Are you kidding? Look at that list in your signature. You keep tons of captive animals, but you are preaching against captive animals at the same time.

... I hate dog training and it should never happen, now please excuse me while I go modify the behavior of all my dogs...

Further, equating human imprisonment and a captive tortoise in a furnished, planted backyard is a REALLY big jump. Way too big of a jump for me to NOT call you on it. I'm not playing god, I'm just havin' fun with some pets, man.


----------



## Laura (Dec 11, 2010)

I was trying to make a point.. I think I did.. 
I have nothing against snakes or keepers of.. I understand what they they eat and why.. 
I love cheetahs and they kill small cute antelope and eat raw meat ( horse meat) in captivity,, and even tho nature is facinating and I love to watch it,, some things I dont want to see.. and I think a warning in the topic of a post if it includes such is a great idea. 
And Im not a vegatarian.. but I dont want to know Who Im eating..


----------



## lincoln3313 (Dec 11, 2010)

I just read this topic's posts, and now realize that it is 10 minutes of my life I will never get back.


----------



## coreyc (Dec 12, 2010)

squamata said:


> at the end of the day,a person who really cared for these animals would not have the erge too make them perform tricks or stunts.this video and all like it represent the popular human misconception that we are so much bigger than nature.i do not agree with the pet trade,if it did not exsist and i was givin the chance too take something from its home and cage it for my enjoyment i would not.all my life ive hunted reptiles and studied them in their enviroment when i was a child i brought them home,that was a long time ago.i havnt taken anything from nature in twenty years.the animals i keep come strickly from the pet trade,i do not keep them for my pleasure,as much as i keep them too provide a decent life for them irespect them and they facinate me.i do not name them,i do not paint them,i do not dress them up,and i dont make videos of them doing silly stuff.i am happy that i am able too posses them,but it is unfortunate that i am.

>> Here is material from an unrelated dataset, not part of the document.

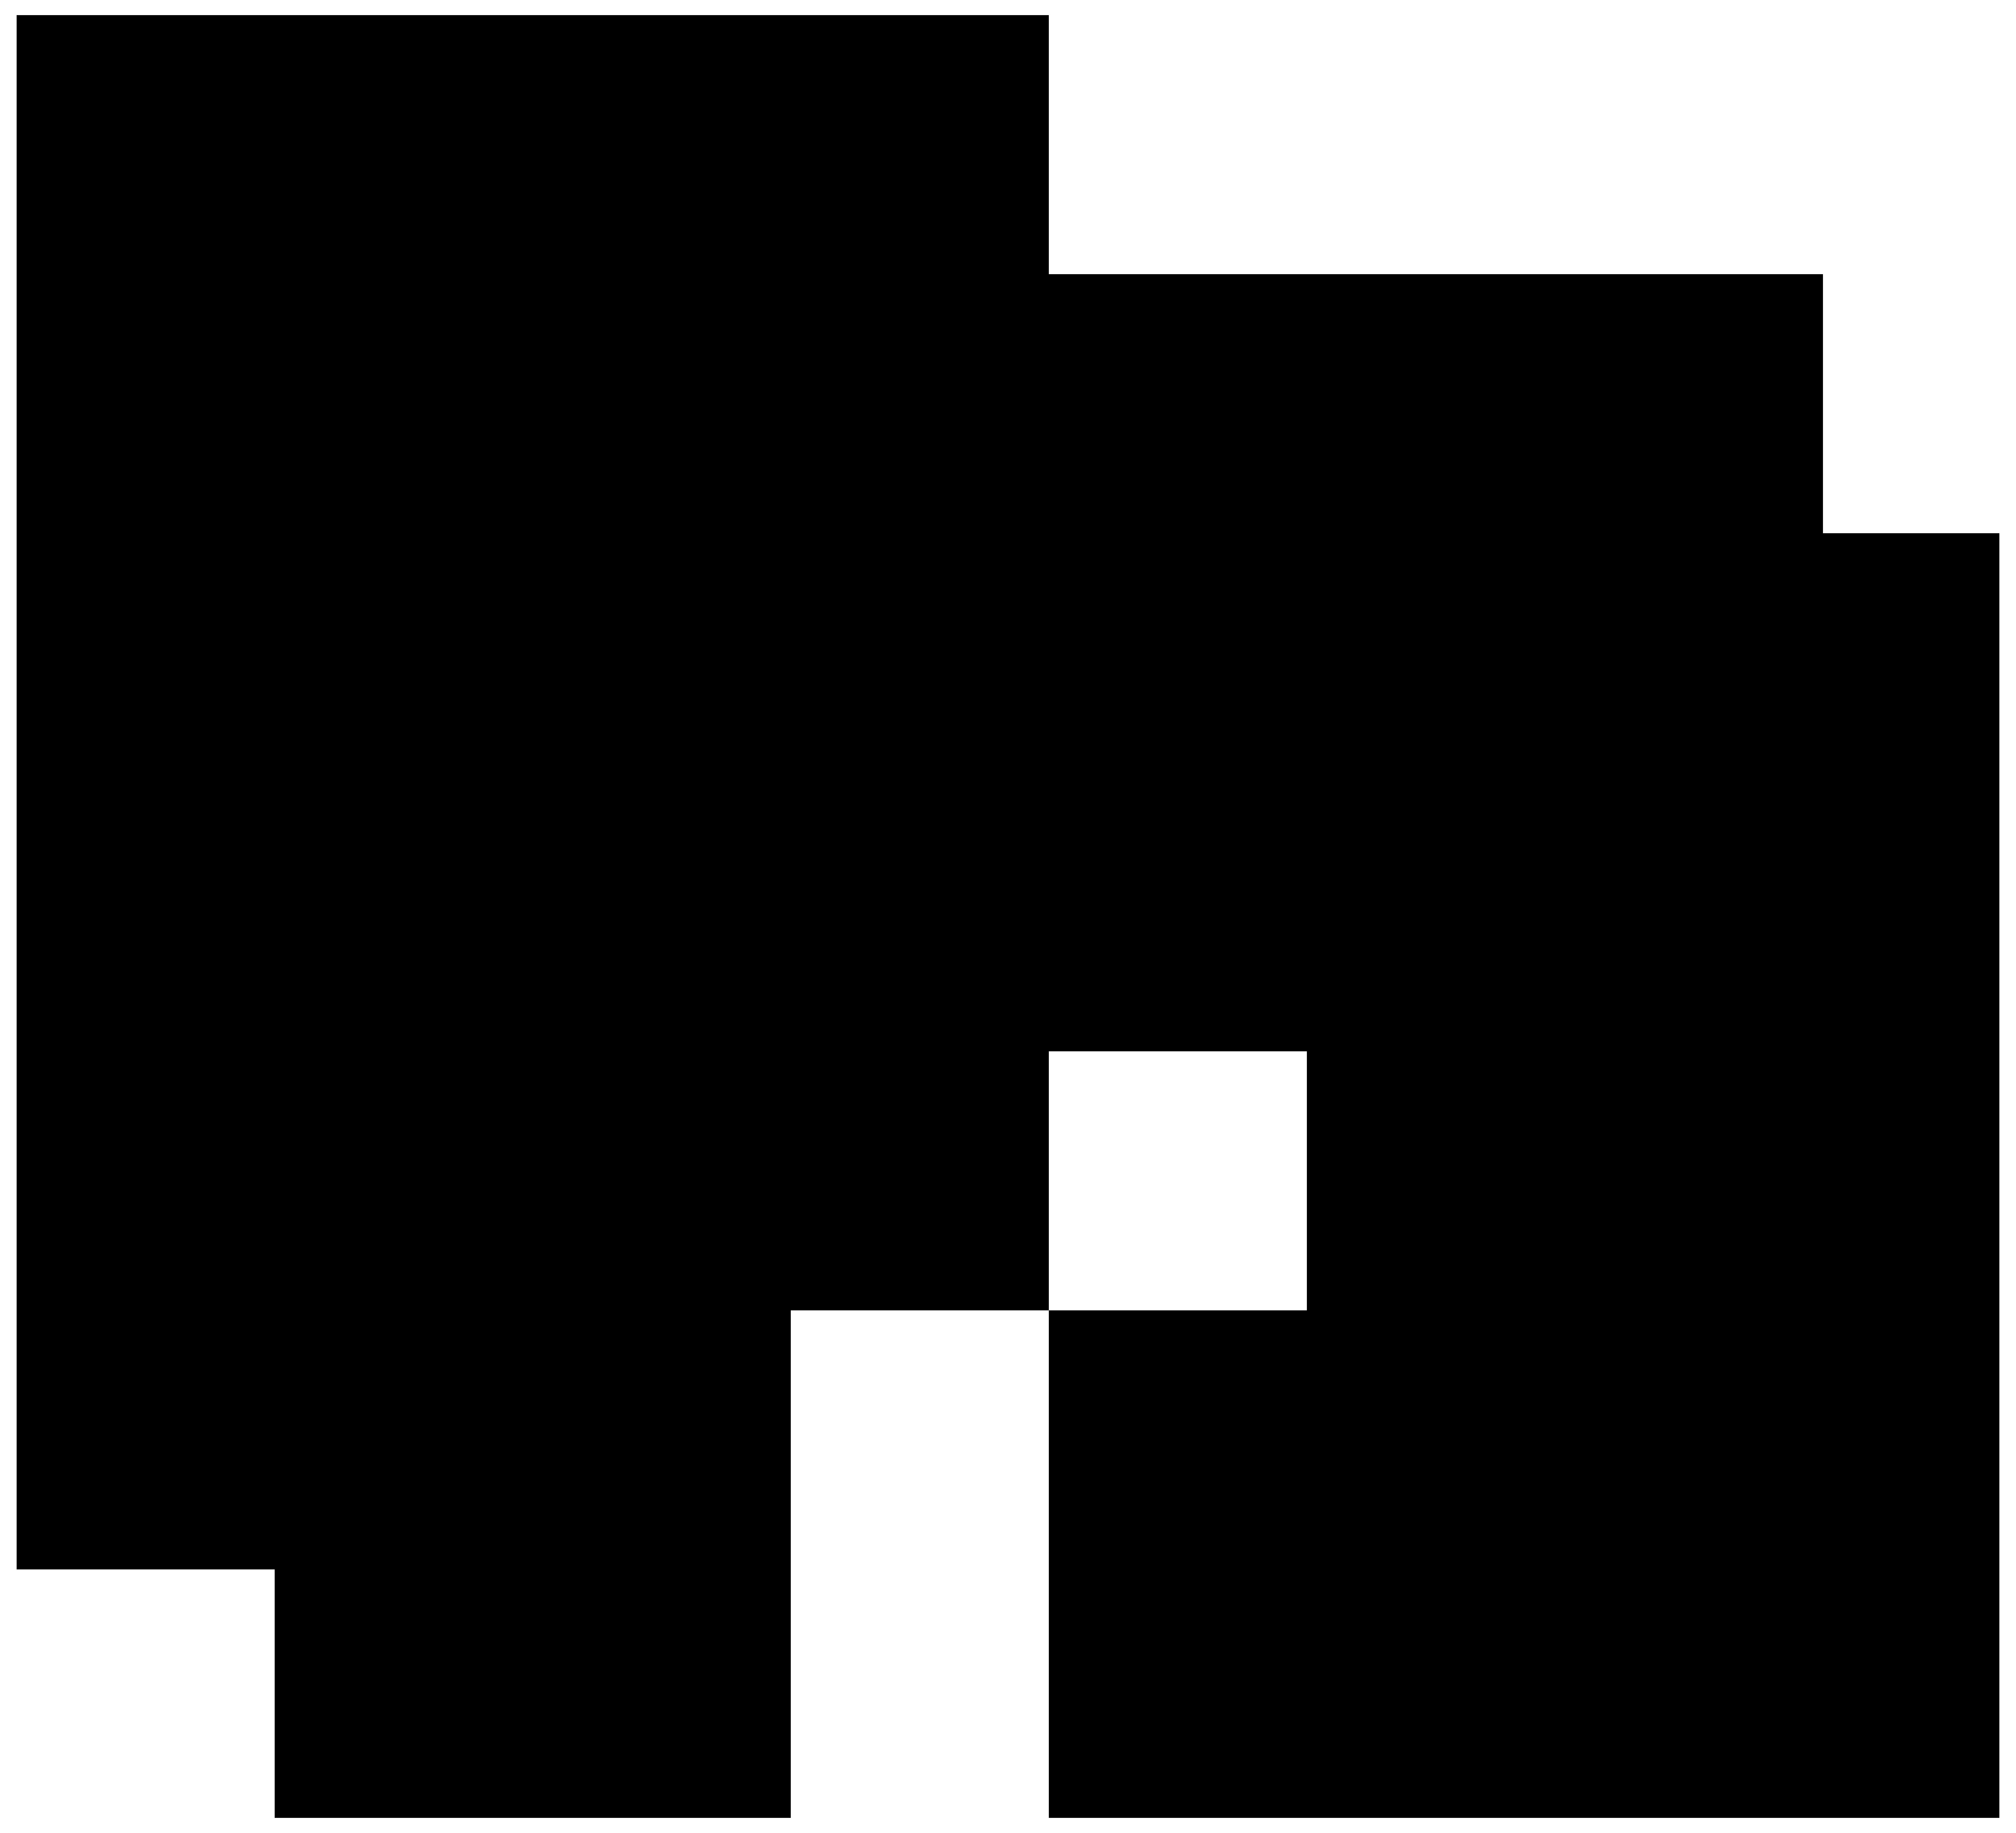 svg free download Horse Silhouette Transparent PNG Clip Art Image
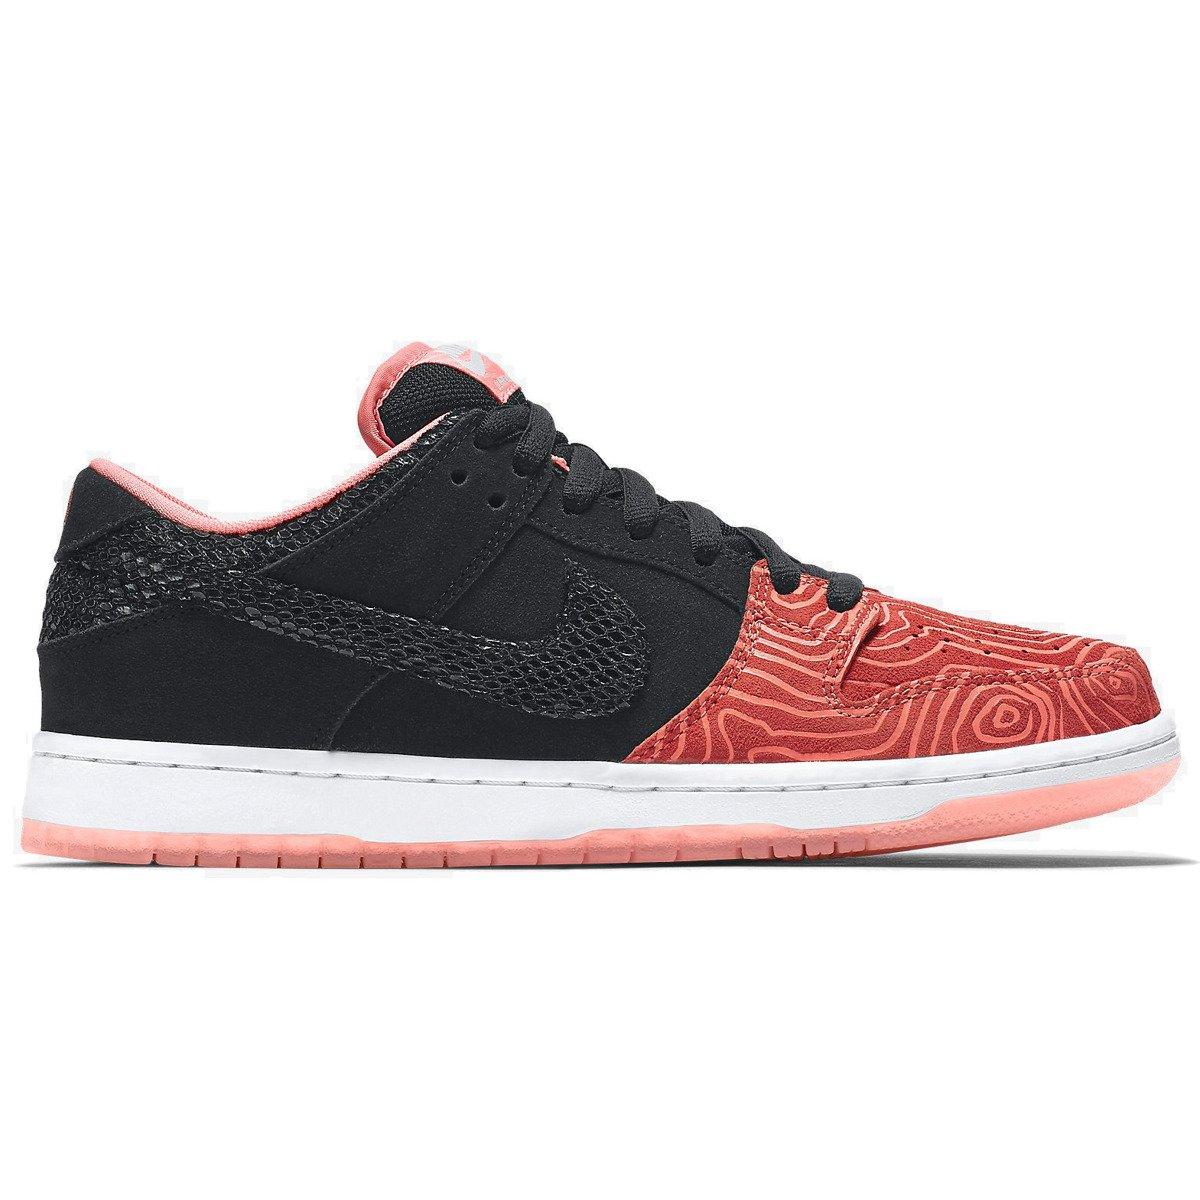 differently 31a90 7a0f3 Miniramp Skateshop buty nike sb dunk low pro atomic pinkblac

If you do not agree with the pet trade then why do you have so many animals if no one bought any there would not be a pet trade supply an demand your contributing to it to. you should not have ANY As far as showing a picture of your snake eating you didn't think about offending people should we have gotten mod to step in ? Is putting a SANTA hat and scruff on my cat for a picture animal abuse then call the cop's


----------



## John (Dec 12, 2010)

I cannot single handedly shut down the pet trade,but i can make sure a few animals live good lives,becuase i assure you a large number do not.i also practice catch and release,my son and i photograph are catches.


----------



## coreyc (Dec 12, 2010)

squamata said:


> I cannot single handedly shut down the pet trade,but i can make sure a few animals live good lives,becuase i assure you a large number do not.i also practice catch and release,my son and i photograph are catches.





your right you can not single handedly shut down the pet trade but you do not contribute to it ether if your so against it. your just justifying it by saying you want to give a few a good home I'm not saying there not in a good home because I think they are but I also think you like keeping exotics just like so many other people do


----------



## exoticsdr (Dec 12, 2010)

....and how stressful for the animal do you think the "catch" is, in catch-and release? The photography part is great, but why not try to do it while remaining "invisible" to your subject matter. No offense meant, but your arguments, thus far, are boardering on "bi-polar". When you finally get so disgusted with your significant contribution to the pet trade (14 little captives, by my count), let me know and I will personally help you rehome them.


----------



## John (Dec 12, 2010)

exoticsdr said:


> ....and how stressful for the animal do you think the "catch" is, in catch-and release? The photography part is great, but why not try to do it while remaining "invisible" to your subject matter. No offense meant, but your arguments, thus far, are boardering on "bi-polar". When you finally get so disgusted with your significant contribution to the pet trade (14 little captives, by my count), let me know and I will personally help you rehome them.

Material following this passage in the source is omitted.